Metabolic phenotypes of retinoic acid and the risk of lung cancer

James R. Rigas; Vincent A. Miller; Zuo Feng Zhang; David S. Klimstra; William P. Tong; Mark G. Kris; Raymond P. Warrell

Metabolic phenotypes of retinoic acid and the risk of lung cancer

James R. Rigas, Vincent A. Miller, Zuo Feng Zhang, David S. Klimstra, William P. Tong, Mark G. Kris, Raymond P. Warrell

Cancer Systems Imaging

Research output: Contribution to journal › Article › peer-review

15 Scopus citations

Abstract

The metabolic activity of cytochrome P-450 enzymes has been associated with an increased risk of developing lung cancer.
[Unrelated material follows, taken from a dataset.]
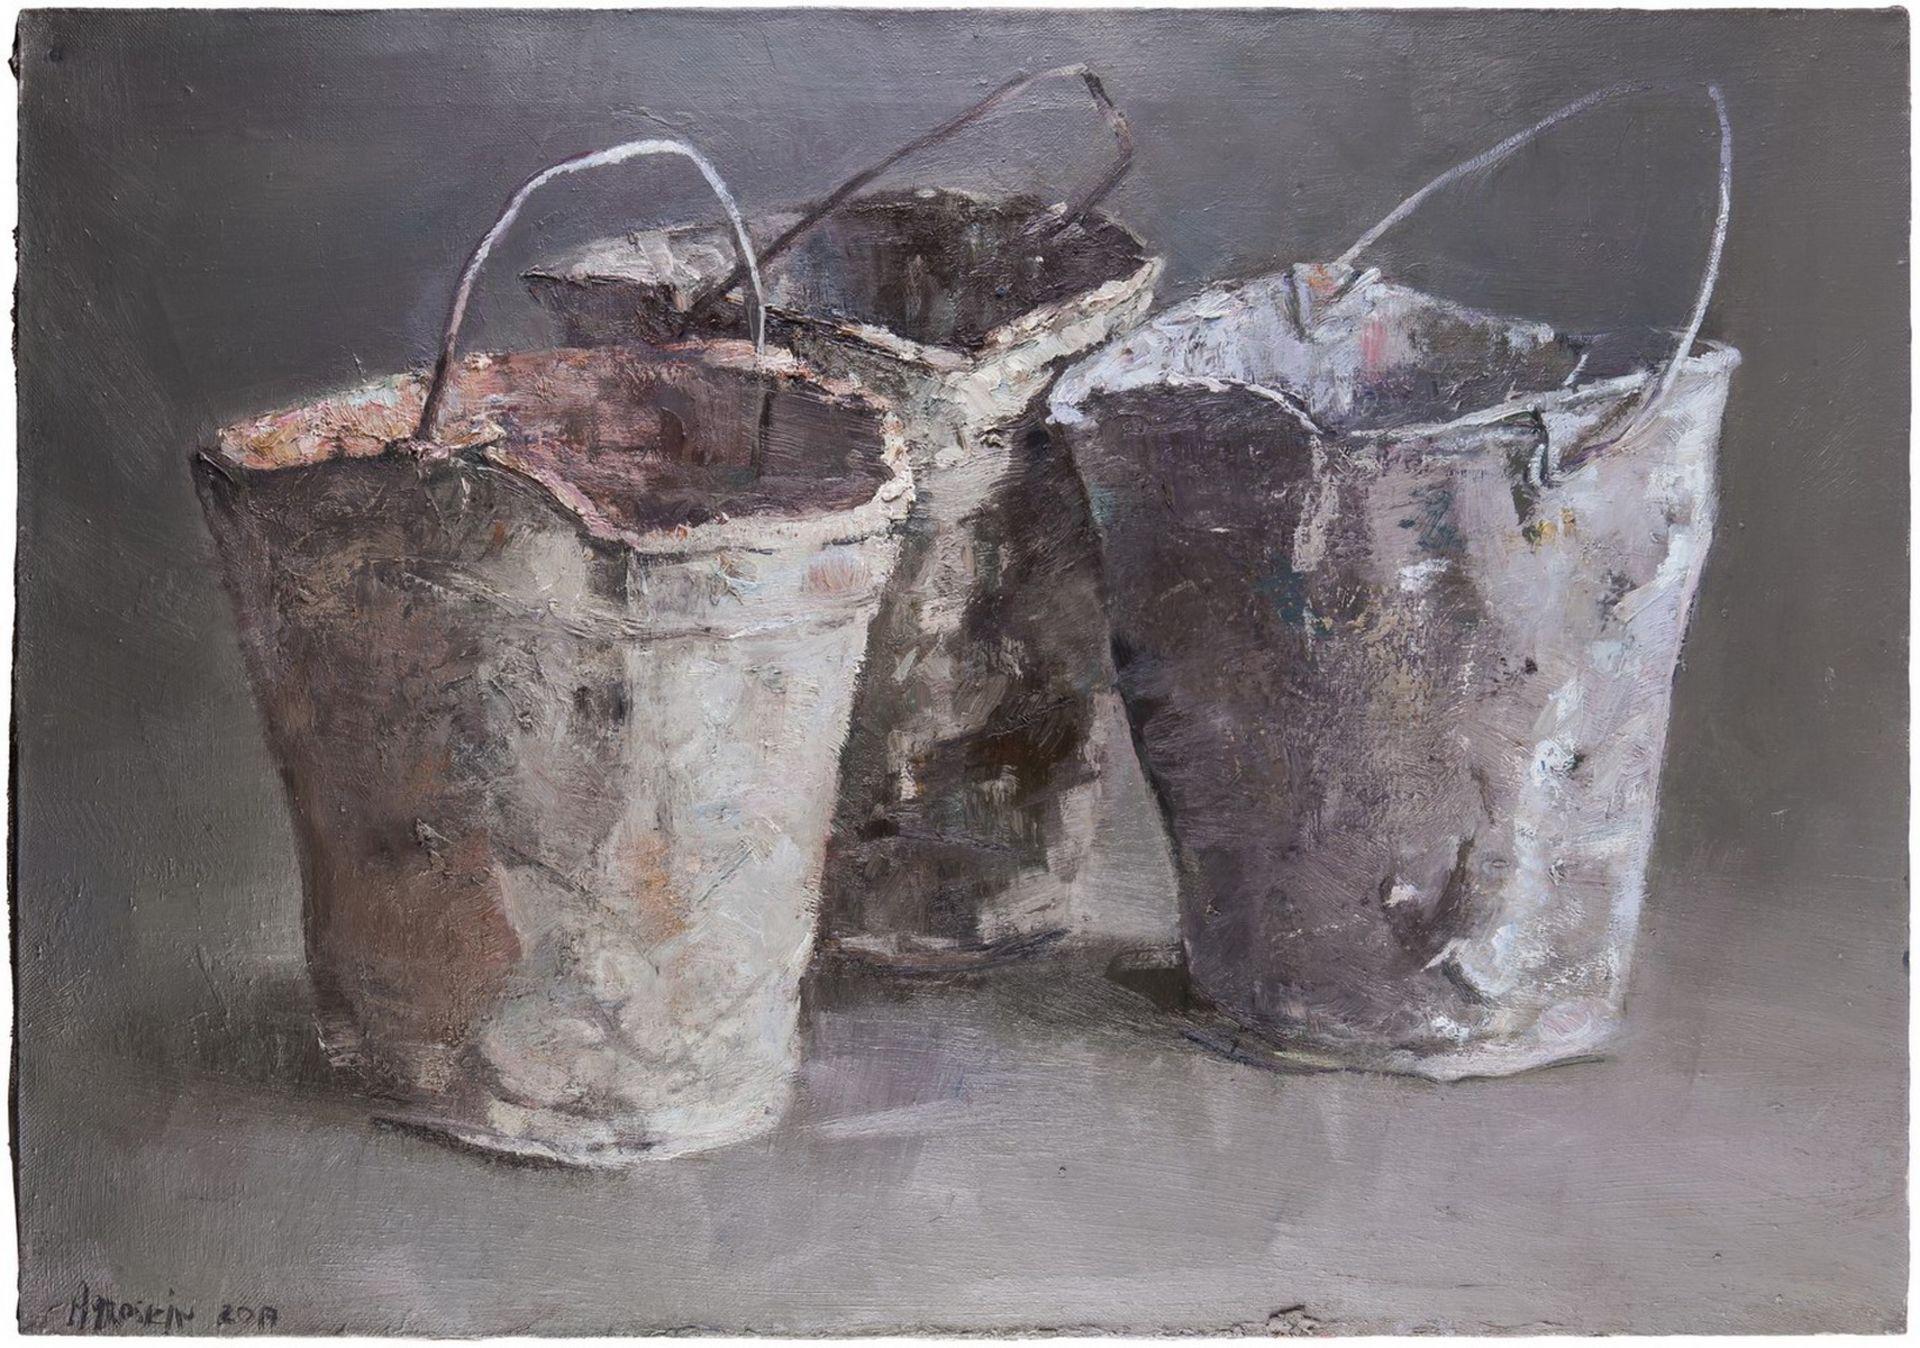 Agroskin, S.E. Buckets. 2017. Oil on canvas. 70x100 cm.<br>Signed. <br>Sales: Lyon &amp; Turnbull (A - Bild 2 aus 3

We found previously that all-trans retinoic acid is catabolized by these oxidative enzymes, and that an inhibitor of this system discriminated between two populations of lung cancer patients. We examined the association between this metabolic phenotype and the risk of lung cancer in 85 subjects. The area under the plasma concentration x time curve (AUC) was calculated after a single oral dose of all-trans retinoic acid (45 mg/m²). The mean AUC for patients who had either squamous or large cell carcinomas was significantly lower than that of patients with adenocarcinomas (P = 0.0001) or control subjects (P = 0.01). Individuals with an AUC < 250 ng · h/ml had a greater likelihood of having squamous or large cell carcinoma (odds ratio = 5.93). This study suggests that the 'rapid' catabolism of all-trans retinoic acid is linked to an increased risk of squamous or large cell cancers of the lung.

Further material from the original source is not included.